Phospholipids are distributed asymmetrically between the two faces of the plasma membrane (1-3). In particular, PtdSer1 is nearly absent from the extracellular face of the plasma membrane in resting cells. Membrane phospholipid asymmetry is maintained by the aminophospholipid translocase, an ATP-dependent enzyme that transports PtdSer and phosphatidylethanolamine from the outer face to the inner face of the plasma membrane. This protein was recently cloned and shown to be a member of a new family of ATP-dependent transporters (4). Under some circumstances disruption of membrane asymmetry results in PtdSer exposure at the outer face of the membrane.
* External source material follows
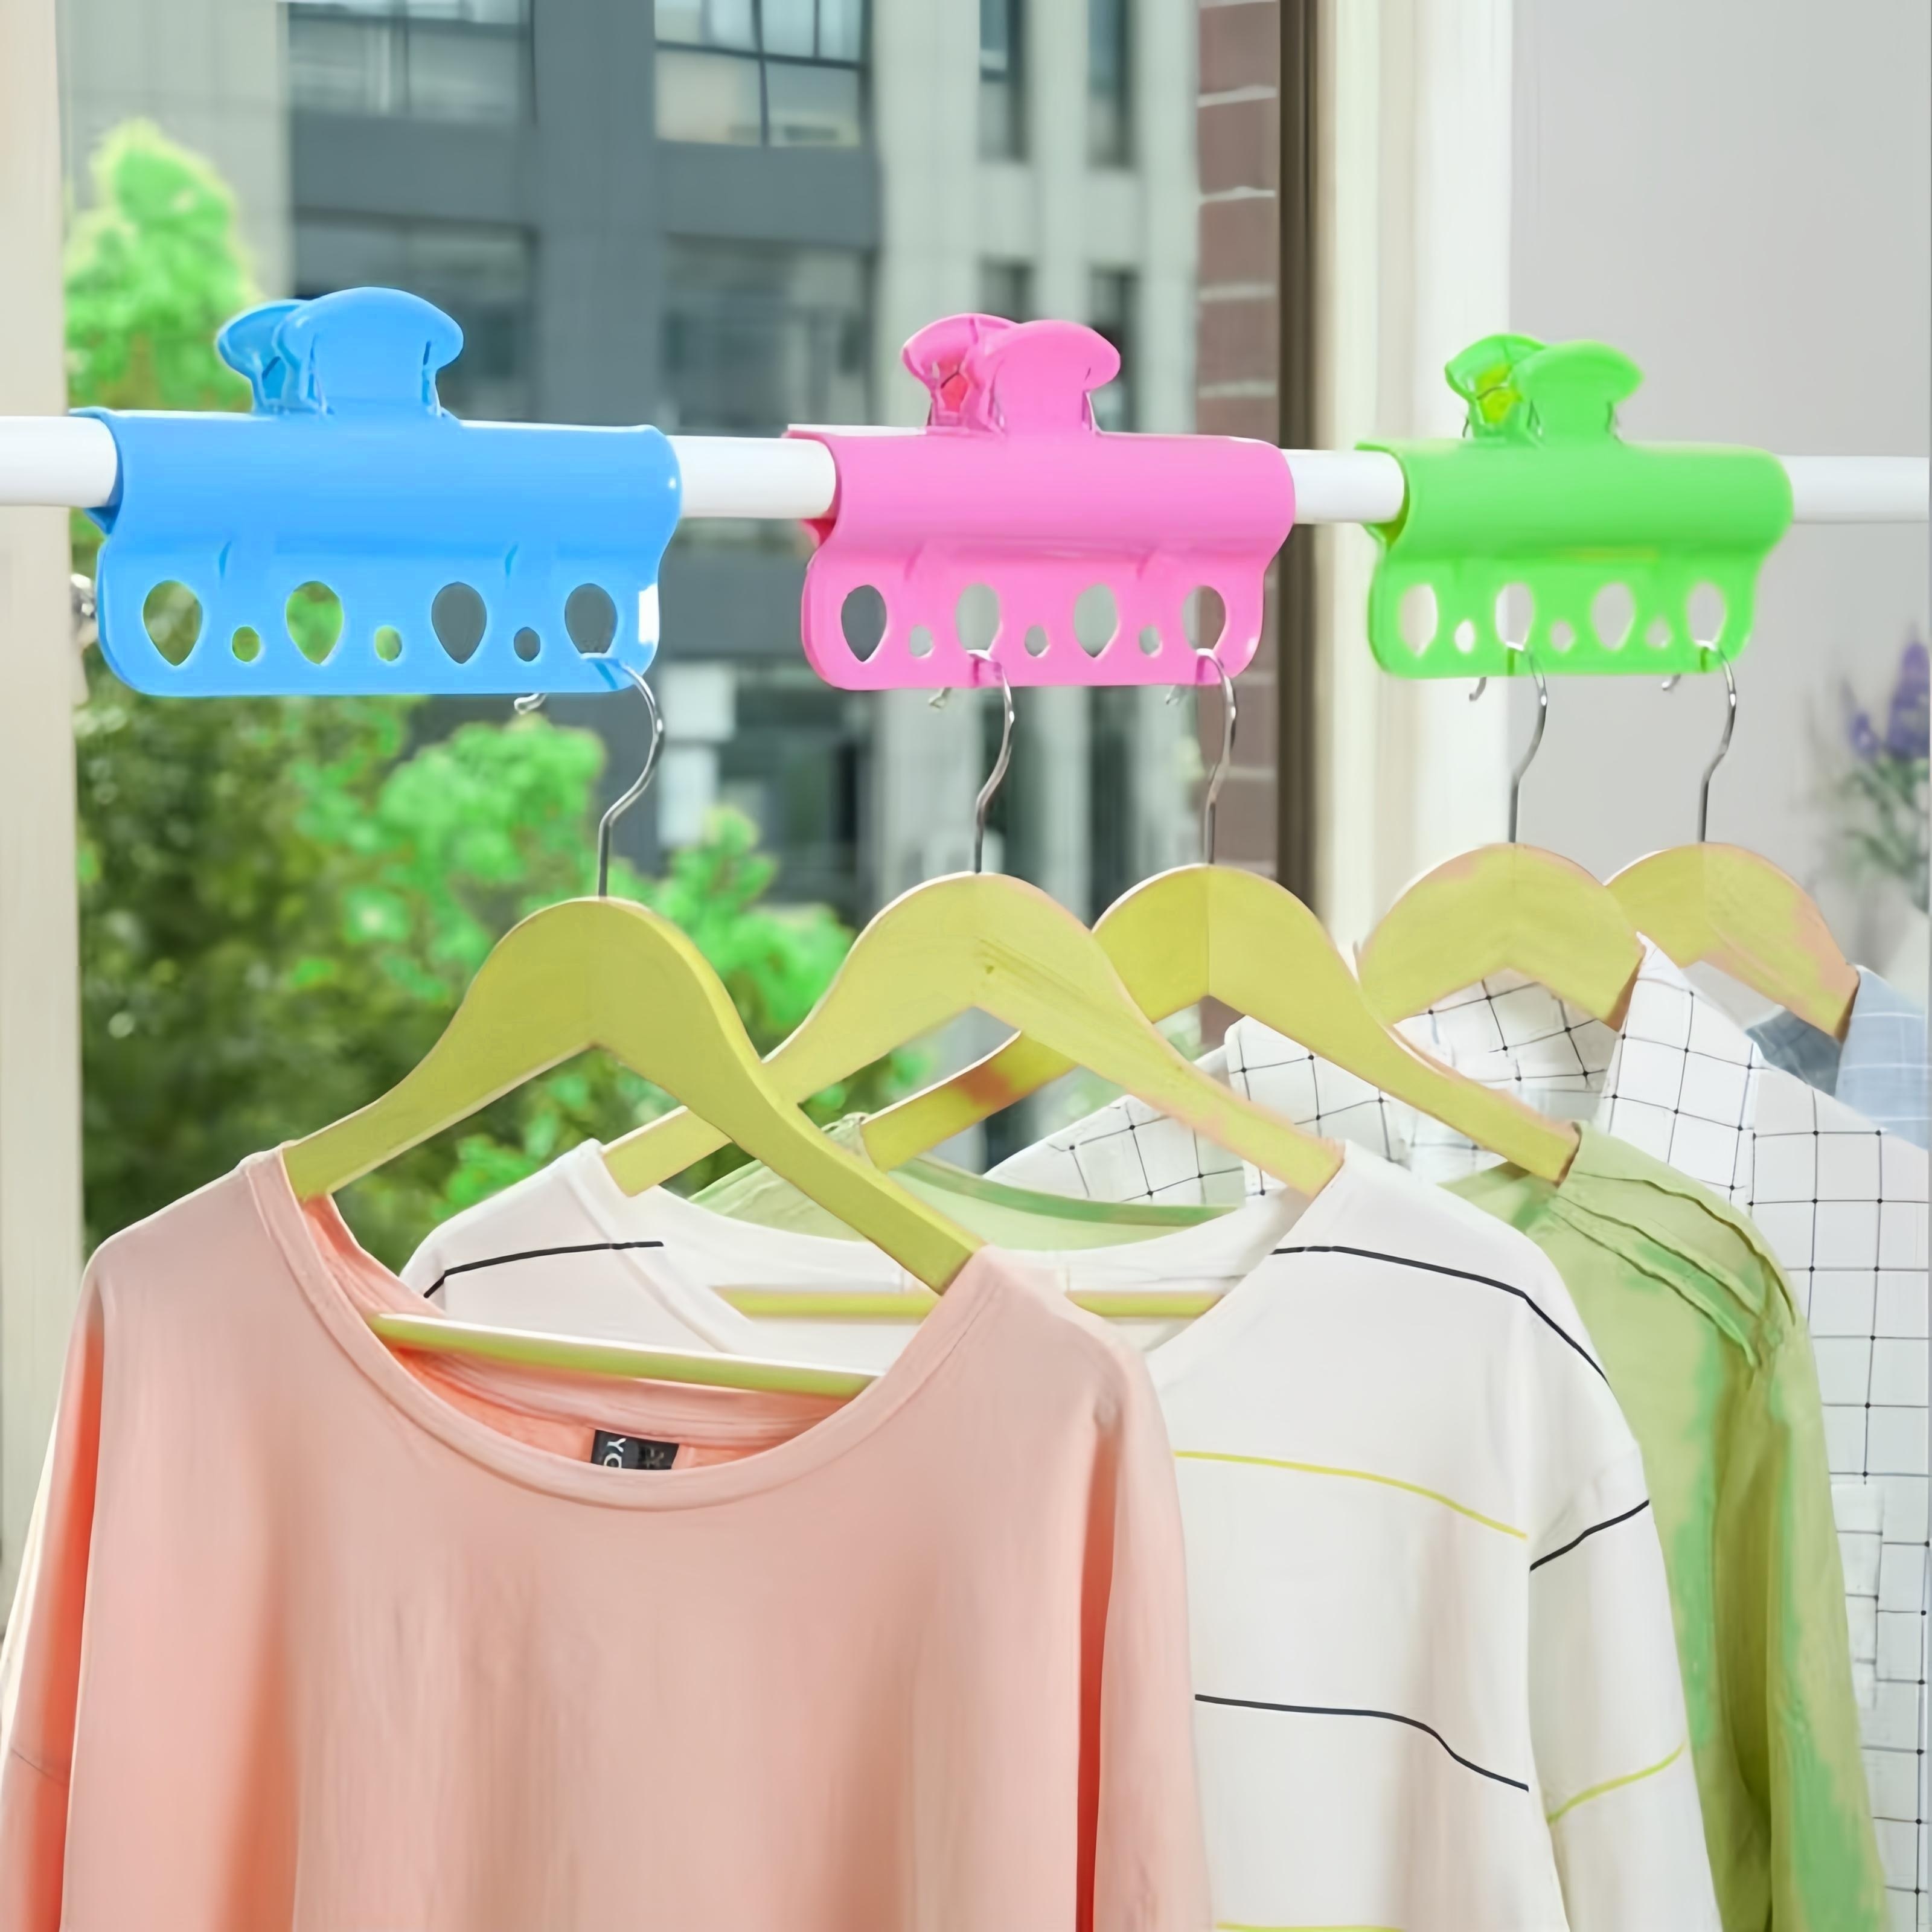 

1pc 7-hole Windproof Clip For Clothes Hanger, Plastic Clothes Pole Fixing Clip For Clothesline Pole, Balcony Clothes Drying Rack Clamp

This is an essential part of the normal platelet procoagulant response, and increased PtdSer exposure may also be a signal for clearance of damaged or senescent cells. More recently, increased exposure of PtdSer has emerged as a key early event in cells undergoing apoptosis (5-9). Given the earlier work suggesting a role for PtdSer exposure in triggering phagocytic removal of cells, exposure of PtdSer may mark apoptotic cells for phagocytic removal, either by specialized phagocytic cells or by their healthy neighbors.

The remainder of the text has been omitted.